Female Pelvic Medicine & Reconstructive Surgery:
1The Institute for Female Pelvic Medicine & Reconstructive Surgery, Allentown, PA; 2Scott & White, Temple, TX; 3Brigham And Women's Hospital, Boston, MA; 4Evanston Northshore Hospital, Evanston, IL; 5University of Pennsylvania, Philadelphia, PA; 6Loyola University, Chicago, IL; 7University of Texas Southwestern Medical Center, Dallas, TX; 8Greater Baltimore Medical Center, Baltimore, MD; 9University of New Mexico, Albuquerque, NM
DISCLOSURE OF RELEVANT FINANCIAL RELATIONSHIPS: Stephanie Molden: Ethicon:honorarium:preceptor; Miles Murphy: Ethicon:Consulting Fee:Consultant;AMS:Consulting Fee:Consultant; Bard:Consulting Fee:Consultant
The purpose of this study was to determine risk factors for voiding dysfunction necessitating sling revision after midurethral polypropylene sling placement.
MATERIALS AND METHODS:
This multicenter case-control study included patients who underwent midurethral polypropylene sling placement and subsequent sling revision secondary to voiding dysfunction from January 1999 to January 2007 from nine urogynecologic centers across the US. Controls were patients who had undergone midurethral polypropylene sling placement not necessitating revision and were matched by patient age and date of surgery. Data collected included demographics, urodynamic study data, sling type, operative data, and clinical information before and after sling revision. Univariate analyses identified risk factors for voiding dysfunction, based on chi square tests for categorical variables, independent samples t-tests for normally distributed continuous variables, and Mann-Whitney rank sums tests for non-normally distributed continuous variables. Direct logistic regression analysis was used to determine which diagnostic variables predicted voiding dysfunction necessitating sling revision.

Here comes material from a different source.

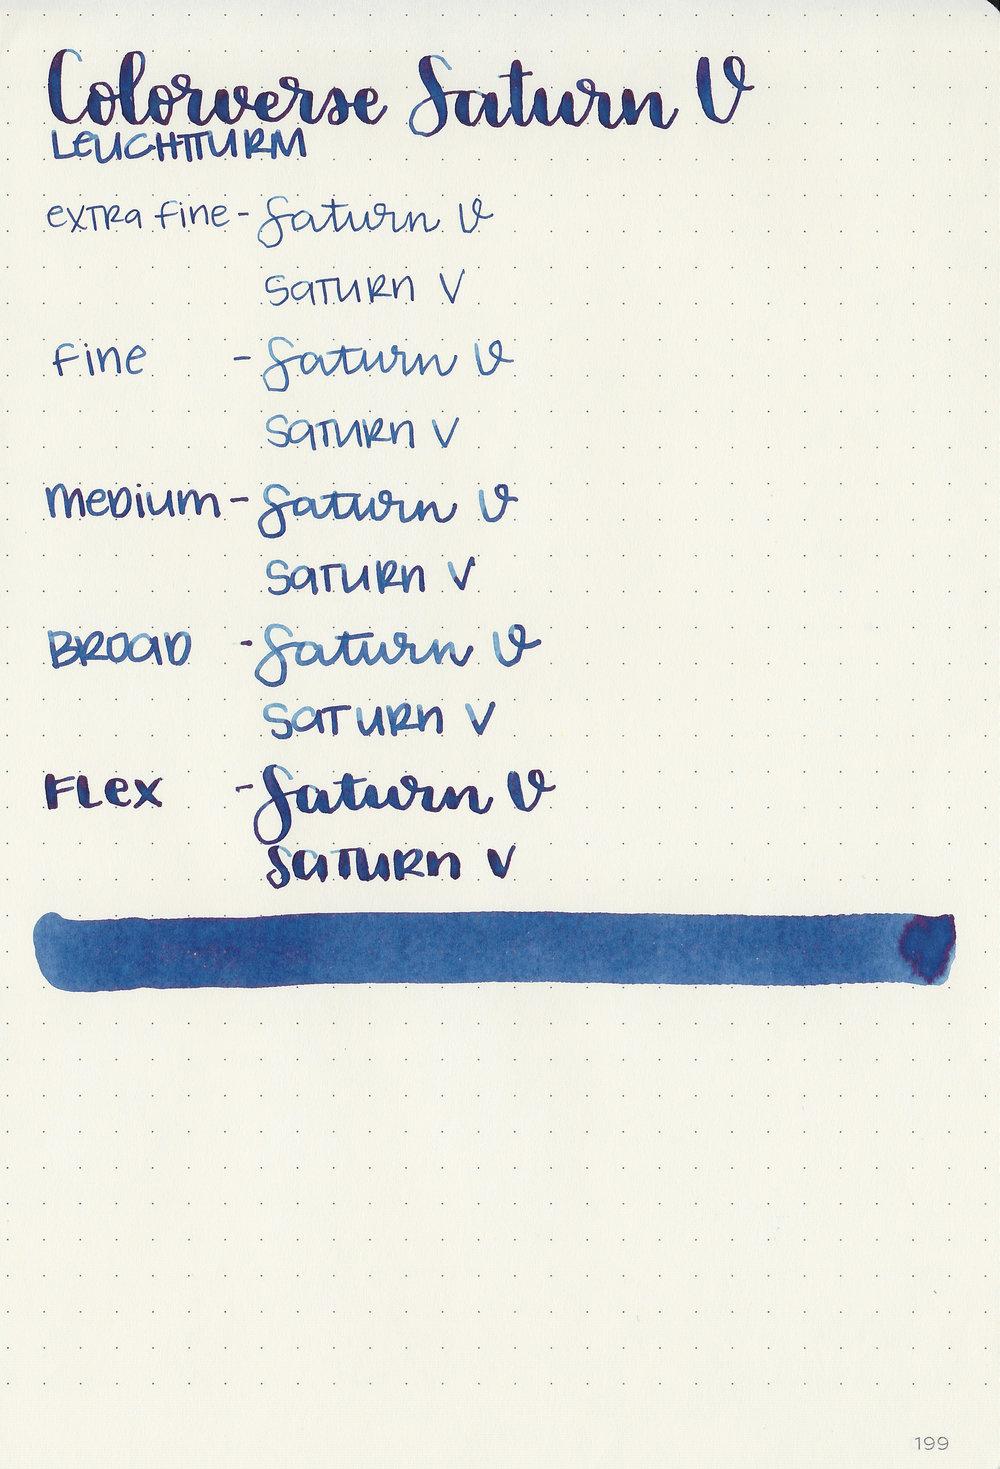 cv-saturn-v-10.jpg

One hundred ninety seven patients met case study criteria with 2 controls matched to each case for a total of 394 controls. Two hundred fourteen patients had all data points and were included in the logistic regression analysis. No specific patient characteristics increased the risk for sling revision including: age, race, BMI, smoking status, menopause status, hormone use, COPD/asthma history, previous incontinence or prolapse surgery, prior hysterectomy, preoperative diagnosis, and presence of intrinsic sphincter deficiency. Risk factors for sling revision did include: retropubic sling type (OR = 2.11, 95% CI 1.03–4.34, P = .04) and concurrent surgery (OR = 4.21, 95% CI 1.96–9.04, P = .0002) In contrast, pre-sling post void residual values, maximum detrusor pressures, maximum urinary flow rates, general anesthesia, and sling tensioning with cough/crede versus visual placement did not significantly predict the need for sling revision (all P-values >.05).
This study determined that the retropubic sling type and concurrent surgery at the time of sling placement are risk factors for postoperative voiding dysfunction and sling revision. Urodynamic findings, baseline demographic information, anesthesia type and sling tensioning technique were not found to be predictive of voiding dysfunction and need for sling revision.